From Steve Benen: the Republicans’ “serious” offer, in one chart.

From Steve Benen: the Republicans’ “serious” offer, in one chart.

Confused about what exactly the GOP’s latest fiscal offer includes? Wondering whether it might not be some sort of conservative-Democratic proposal from Erskine Bowles, in spite of not being Simpson-Bowles, nor proposed by Bowles, nor endorsed by Bowles? Steve Benen has come to our aid:

Steve Benen-Chart of Republicans' fiscal offer
















That pretty much does it. The one thing I disagree with Steve on is his assertion that the hard Right is only pretending to dislike the offer. I think its feeling of betrayal at Boehner’s vague promise to close unspecified loopholes and use the revenue to reduce the deficit is sincere—absurd, but sincere. Conservative activists really believe that raising taxes is evil, full stop, and that any Republican proposal to do so, however nebulous or presumptively regressive, counts as a sellout. Or rather: while some top conservative strategists may be saying this strategically to gain leverage, if the rank-and-file takes the propaganda to be the real conservative position, it starts to become such.

Author: Andrew Sabl

I'm a political theorist and Visiting Professor (through 2017) in the Program on Ethics, Politics and Economics at Yale.
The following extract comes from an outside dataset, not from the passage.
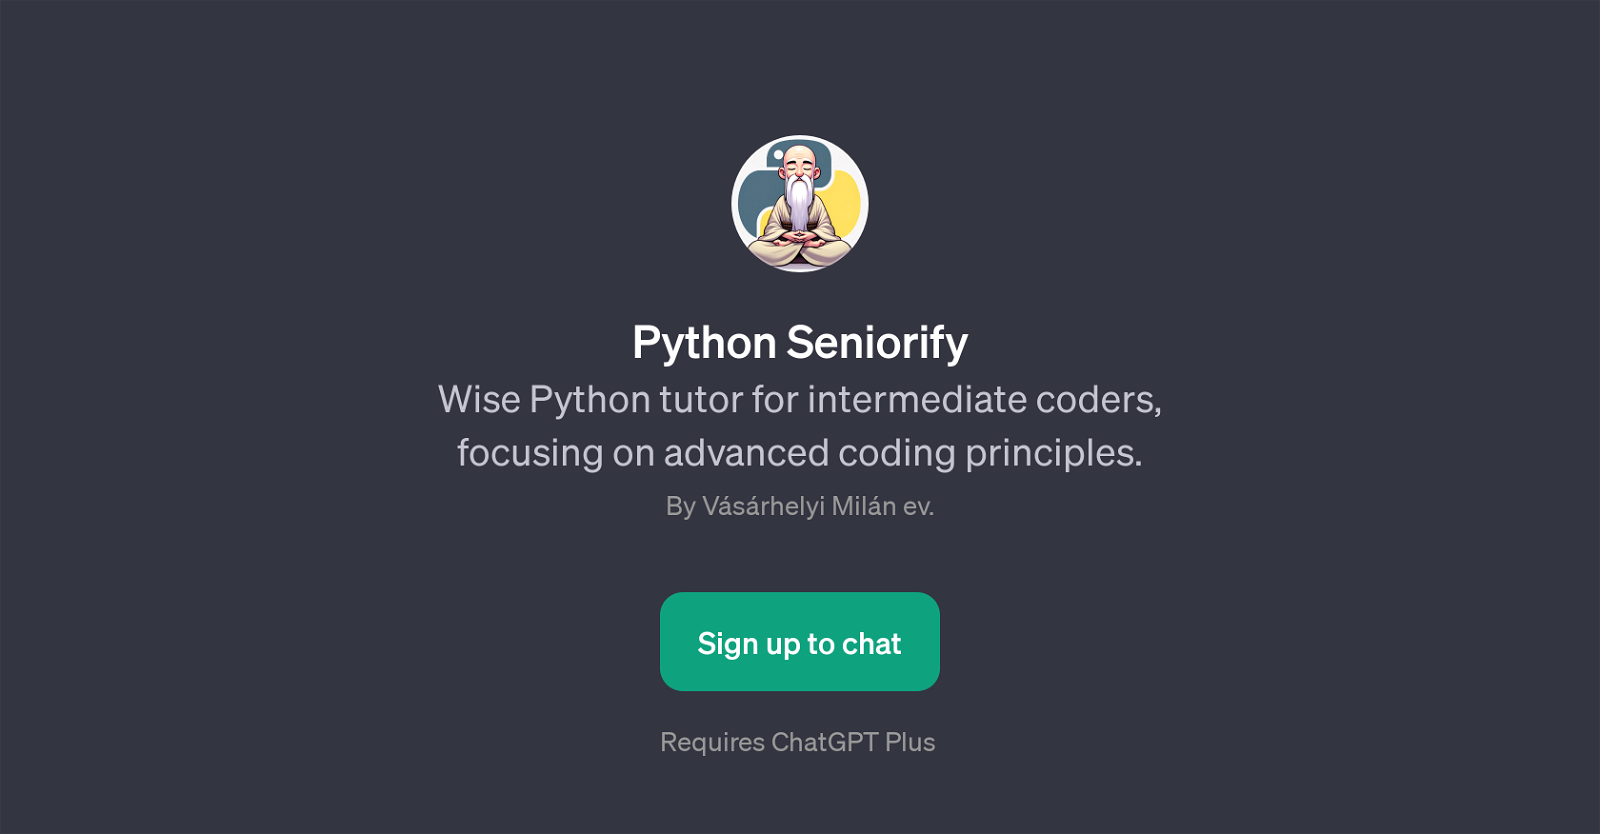 Python Seniorify website

My interests include the history of political thought, toleration, democratic theory, political ethics, problems of coordination and convention, the realist movement in political theory, and the thought of David Hume. My first book, Ruling Passions: Political Offices and Democratic Ethics (Princeton, 2002) covered many of these topics, with a special focus on the varieties of democratic politics and the disparate qualities of mind and character appropriate to those who practice each of them. My second book Hume's Politics: Coordination and Crisis in the History of England was published in 2012; I am currently finishing a book on toleration, with the working title The Virtues of Hypocrisy, under contract with Harvard University Press. A Los Angeles native, I got my B.A. and Ph.D. from Harvard. Before coming to Yale I taught at Vanderbilt and at UCLA, where I was an Assistant, Associate, and Full Professor; and held visiting positions at Williams, Harvard, and Princeton. I am married to Miriam Laugesen, who teaches health policy and the politics of health care at the Mailman School of public health at Columbia, and we have a twelve-year-old son.
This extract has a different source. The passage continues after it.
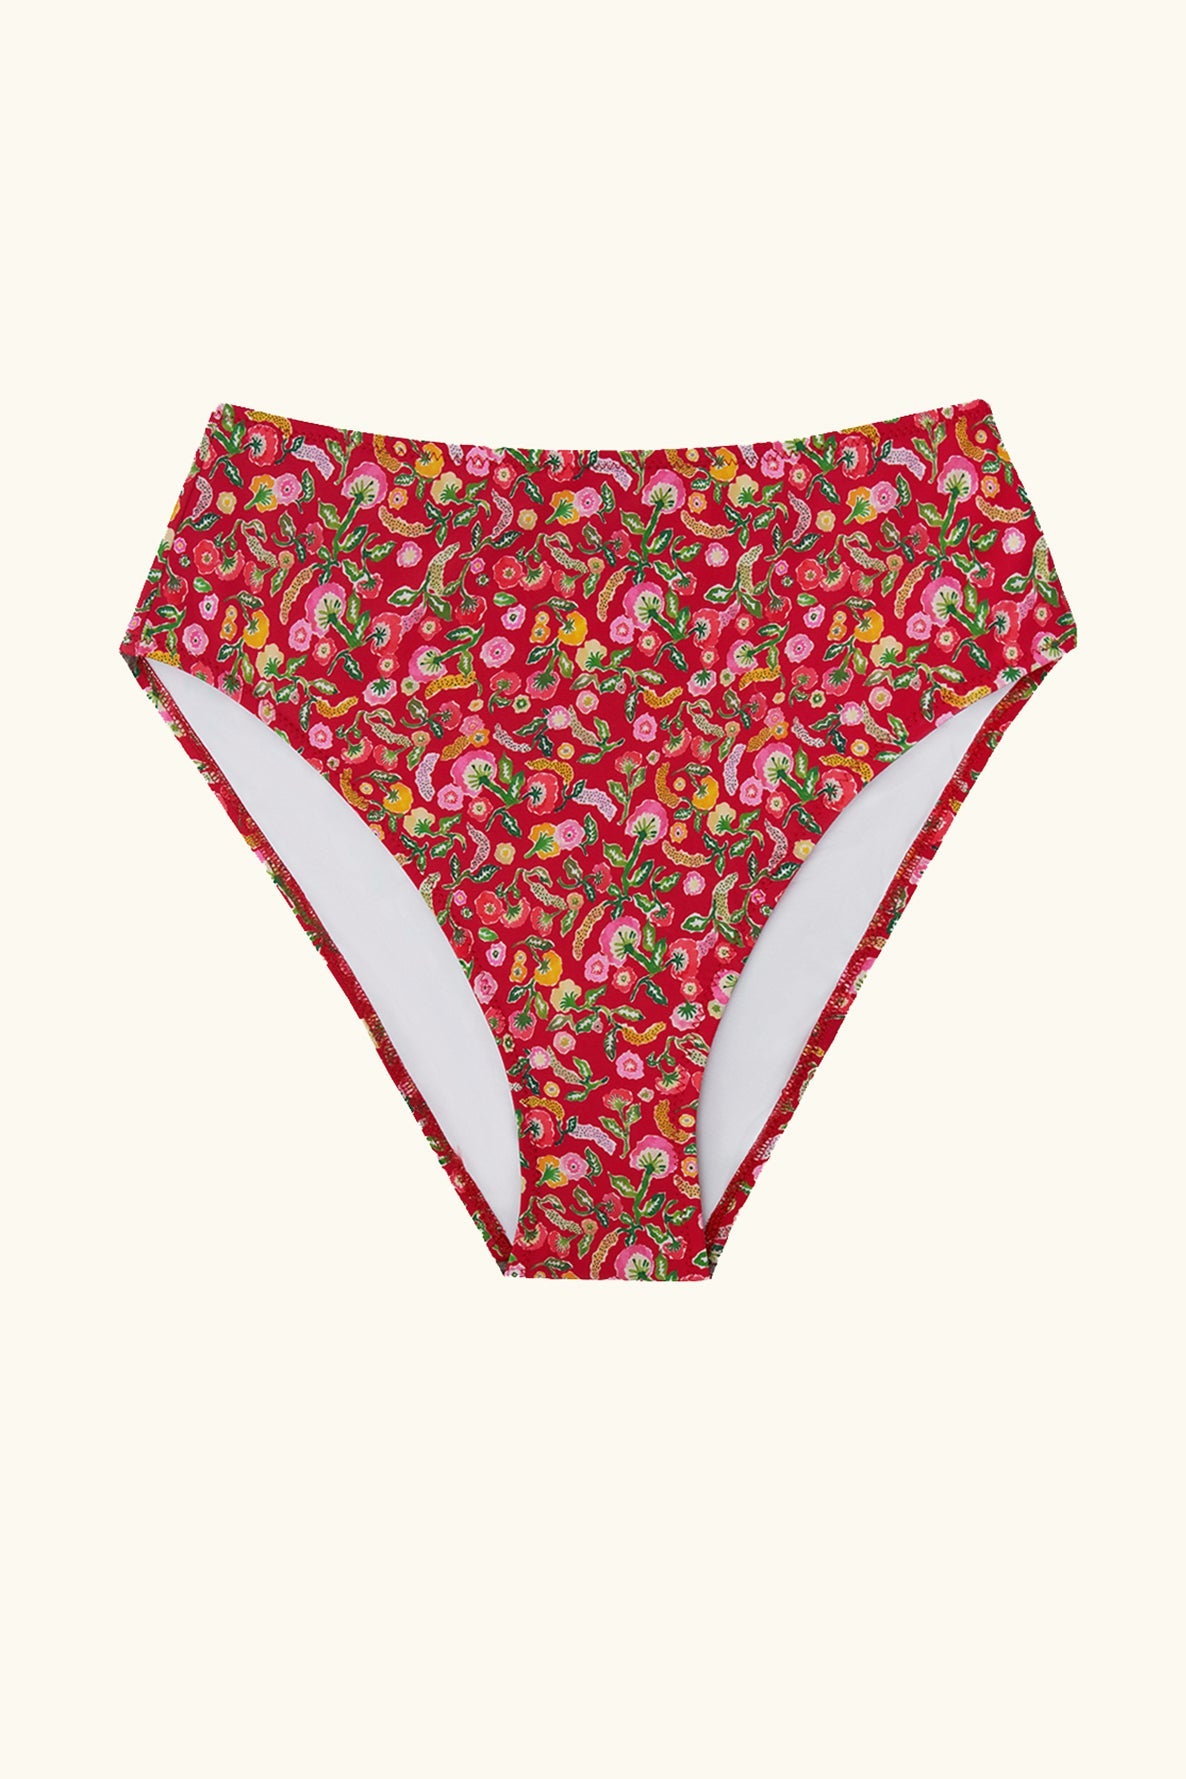 sustainable fashion brand high waisted bikini bottom red floral print

4 thoughts on “From Steve Benen: the Republicans’ “serious” offer, in one chart.”

  1. Andrew,

    Can we please stop referring to Norquist and his latter-day visigoths as conservative activists? These people are not conservatives: they are reactionaries trying to stuff us all back into some sort of nightmare version of Ozzie and Harriet.
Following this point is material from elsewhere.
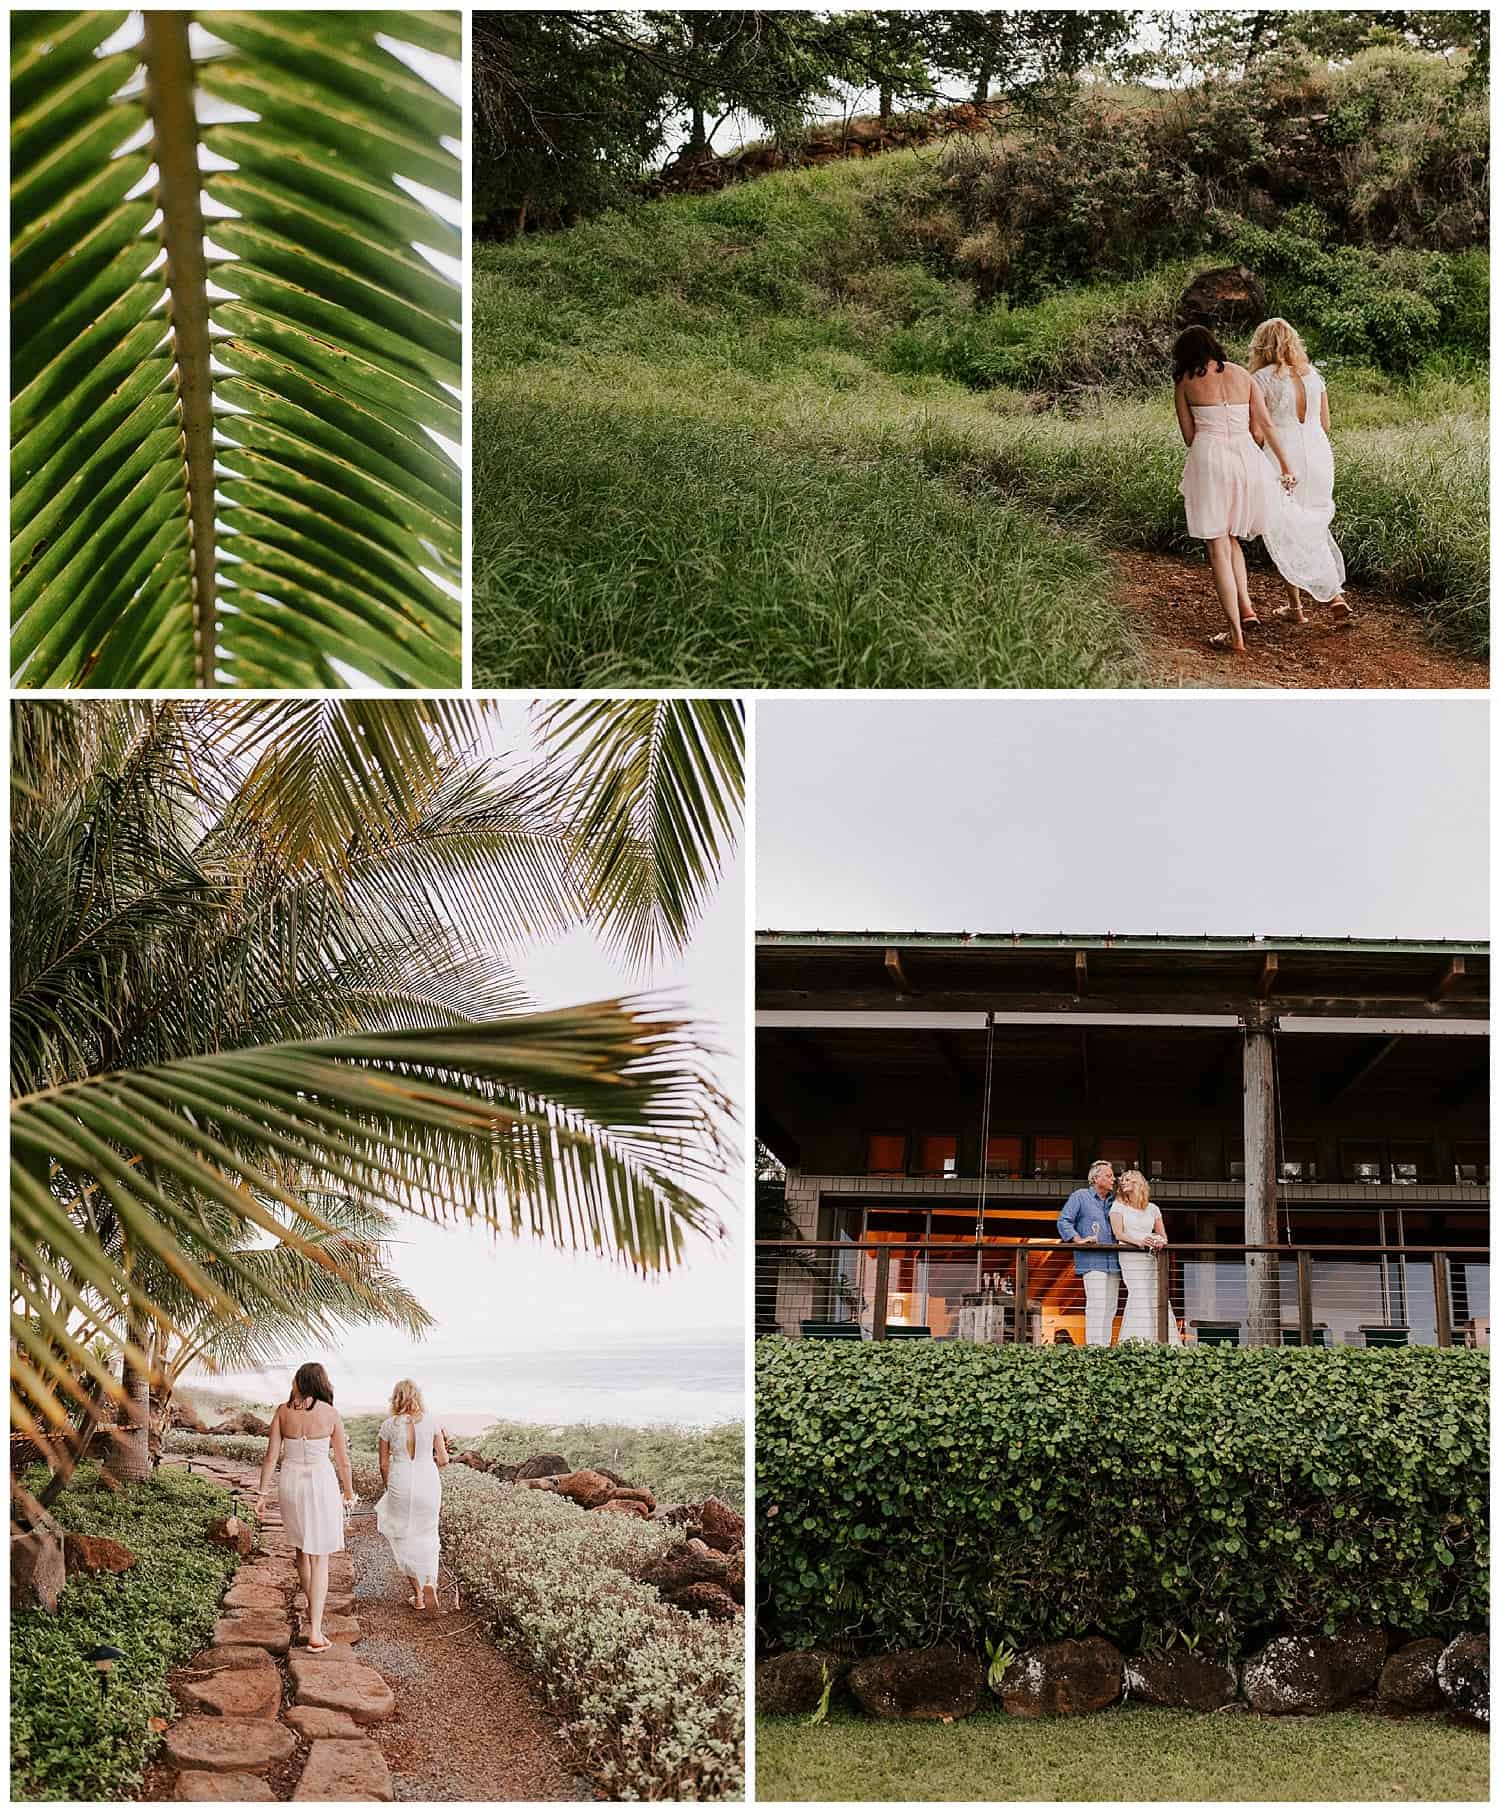 Intimate Molokai wedding by Hawaii wedding photographer Kyle Goldie of Luma Weddings

    1. I’m a descriptivist. If the overwhelming majority of people who call themselves conservative activists agree with Norquist, that becomes the position that defines conservative activism. If that means that “conservative,” at least in the U.S., ceases to be a respectable label among reasonable people, then there’s no avoiding that. In fact there has been no avoiding that for some time.

      1. I think it would be reasonable to call them “self-styled” conservative activists. The vast majority of spokestwits from the Discovery Institute call themselves scientists, after all.